→ TASK:
Repeat exactly the lines of the entries below from the one with "Bronze sculpture of" through the one with "原创手绘中国风年画新年快乐猪年2019", both ends included, and nothing else.
============
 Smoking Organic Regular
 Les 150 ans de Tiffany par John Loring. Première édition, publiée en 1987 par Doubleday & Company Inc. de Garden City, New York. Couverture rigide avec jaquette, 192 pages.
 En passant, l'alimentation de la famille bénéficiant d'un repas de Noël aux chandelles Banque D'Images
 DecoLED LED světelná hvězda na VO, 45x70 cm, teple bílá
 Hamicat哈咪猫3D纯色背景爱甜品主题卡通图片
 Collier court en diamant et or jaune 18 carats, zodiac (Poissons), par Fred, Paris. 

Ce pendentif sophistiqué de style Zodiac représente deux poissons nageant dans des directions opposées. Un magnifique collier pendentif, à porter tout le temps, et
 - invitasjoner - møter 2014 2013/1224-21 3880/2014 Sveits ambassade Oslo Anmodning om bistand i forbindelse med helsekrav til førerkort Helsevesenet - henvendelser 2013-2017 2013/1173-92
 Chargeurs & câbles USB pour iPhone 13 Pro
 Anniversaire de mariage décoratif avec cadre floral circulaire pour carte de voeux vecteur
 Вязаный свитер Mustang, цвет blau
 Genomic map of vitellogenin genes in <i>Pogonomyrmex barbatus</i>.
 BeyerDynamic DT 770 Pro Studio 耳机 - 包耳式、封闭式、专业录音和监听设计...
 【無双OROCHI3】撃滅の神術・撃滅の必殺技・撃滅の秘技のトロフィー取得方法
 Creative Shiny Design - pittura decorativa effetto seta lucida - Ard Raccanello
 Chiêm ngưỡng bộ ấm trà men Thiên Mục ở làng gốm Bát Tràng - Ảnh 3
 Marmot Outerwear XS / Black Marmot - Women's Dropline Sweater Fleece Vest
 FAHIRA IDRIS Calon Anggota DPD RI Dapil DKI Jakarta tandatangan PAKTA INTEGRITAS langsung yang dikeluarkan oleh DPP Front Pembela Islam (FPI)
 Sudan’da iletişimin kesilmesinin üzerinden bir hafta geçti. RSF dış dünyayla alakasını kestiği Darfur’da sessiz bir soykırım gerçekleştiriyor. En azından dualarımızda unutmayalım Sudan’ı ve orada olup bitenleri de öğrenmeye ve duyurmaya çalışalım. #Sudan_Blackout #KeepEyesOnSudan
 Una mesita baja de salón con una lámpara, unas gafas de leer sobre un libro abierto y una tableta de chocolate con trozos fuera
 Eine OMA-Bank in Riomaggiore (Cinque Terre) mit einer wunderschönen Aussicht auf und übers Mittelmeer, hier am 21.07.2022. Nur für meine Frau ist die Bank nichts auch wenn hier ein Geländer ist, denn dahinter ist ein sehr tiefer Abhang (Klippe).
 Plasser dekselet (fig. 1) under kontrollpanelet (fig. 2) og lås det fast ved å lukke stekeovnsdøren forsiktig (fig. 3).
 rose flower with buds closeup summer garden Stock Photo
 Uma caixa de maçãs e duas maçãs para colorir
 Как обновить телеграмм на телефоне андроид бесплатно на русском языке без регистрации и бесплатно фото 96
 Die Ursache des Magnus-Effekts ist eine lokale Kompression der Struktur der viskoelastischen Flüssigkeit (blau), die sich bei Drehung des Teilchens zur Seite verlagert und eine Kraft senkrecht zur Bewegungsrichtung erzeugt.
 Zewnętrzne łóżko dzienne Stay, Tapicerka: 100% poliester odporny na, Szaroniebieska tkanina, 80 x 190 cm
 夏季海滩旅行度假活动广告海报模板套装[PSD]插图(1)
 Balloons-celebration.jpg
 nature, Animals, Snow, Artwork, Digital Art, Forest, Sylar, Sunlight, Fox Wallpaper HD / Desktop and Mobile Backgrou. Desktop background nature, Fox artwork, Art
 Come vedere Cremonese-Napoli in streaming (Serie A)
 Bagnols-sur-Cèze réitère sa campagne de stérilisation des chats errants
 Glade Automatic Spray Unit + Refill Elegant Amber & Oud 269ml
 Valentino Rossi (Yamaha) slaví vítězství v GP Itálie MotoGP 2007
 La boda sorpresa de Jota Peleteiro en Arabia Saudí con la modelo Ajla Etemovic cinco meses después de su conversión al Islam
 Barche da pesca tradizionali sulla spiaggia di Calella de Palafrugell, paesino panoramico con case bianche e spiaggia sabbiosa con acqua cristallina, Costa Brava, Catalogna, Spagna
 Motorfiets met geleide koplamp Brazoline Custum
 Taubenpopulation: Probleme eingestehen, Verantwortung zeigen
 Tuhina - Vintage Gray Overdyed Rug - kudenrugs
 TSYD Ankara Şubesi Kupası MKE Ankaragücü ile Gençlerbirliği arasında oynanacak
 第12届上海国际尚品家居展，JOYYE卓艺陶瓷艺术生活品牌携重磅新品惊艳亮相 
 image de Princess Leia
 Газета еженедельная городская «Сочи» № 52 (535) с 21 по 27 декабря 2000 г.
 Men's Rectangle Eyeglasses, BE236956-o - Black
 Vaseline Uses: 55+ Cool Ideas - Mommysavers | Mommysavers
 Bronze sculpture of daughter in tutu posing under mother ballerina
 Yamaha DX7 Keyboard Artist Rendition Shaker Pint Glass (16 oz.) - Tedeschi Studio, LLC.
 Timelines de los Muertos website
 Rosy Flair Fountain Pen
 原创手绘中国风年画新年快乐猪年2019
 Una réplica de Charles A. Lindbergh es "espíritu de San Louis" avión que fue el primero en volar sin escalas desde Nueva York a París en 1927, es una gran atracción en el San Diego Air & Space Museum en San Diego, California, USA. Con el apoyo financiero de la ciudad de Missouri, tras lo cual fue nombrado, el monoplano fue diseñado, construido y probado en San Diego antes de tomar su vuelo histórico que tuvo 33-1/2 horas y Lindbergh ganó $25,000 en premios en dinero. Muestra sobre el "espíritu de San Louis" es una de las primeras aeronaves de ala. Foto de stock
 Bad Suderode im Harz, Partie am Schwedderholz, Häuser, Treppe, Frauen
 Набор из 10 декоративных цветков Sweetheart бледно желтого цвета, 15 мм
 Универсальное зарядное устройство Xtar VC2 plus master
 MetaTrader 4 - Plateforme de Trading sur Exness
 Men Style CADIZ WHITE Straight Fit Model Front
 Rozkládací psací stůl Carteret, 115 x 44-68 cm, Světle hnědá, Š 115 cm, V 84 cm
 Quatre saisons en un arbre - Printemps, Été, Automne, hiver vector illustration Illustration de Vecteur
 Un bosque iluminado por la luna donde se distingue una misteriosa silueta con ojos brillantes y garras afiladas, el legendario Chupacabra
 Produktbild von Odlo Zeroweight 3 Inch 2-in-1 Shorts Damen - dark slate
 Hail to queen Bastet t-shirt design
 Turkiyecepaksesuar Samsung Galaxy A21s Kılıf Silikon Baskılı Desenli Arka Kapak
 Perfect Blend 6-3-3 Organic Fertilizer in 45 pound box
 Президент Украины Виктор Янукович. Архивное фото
============
→ RESULT OF THE EXERCISE:
 Bronze sculpture of daughter in tutu posing under mother ballerina
 Yamaha DX7 Keyboard Artist Rendition Shaker Pint Glass (16 oz.) - Tedeschi Studio, LLC.
 Timelines de los Muertos website
 Rosy Flair Fountain Pen
 原创手绘中国风年画新年快乐猪年2019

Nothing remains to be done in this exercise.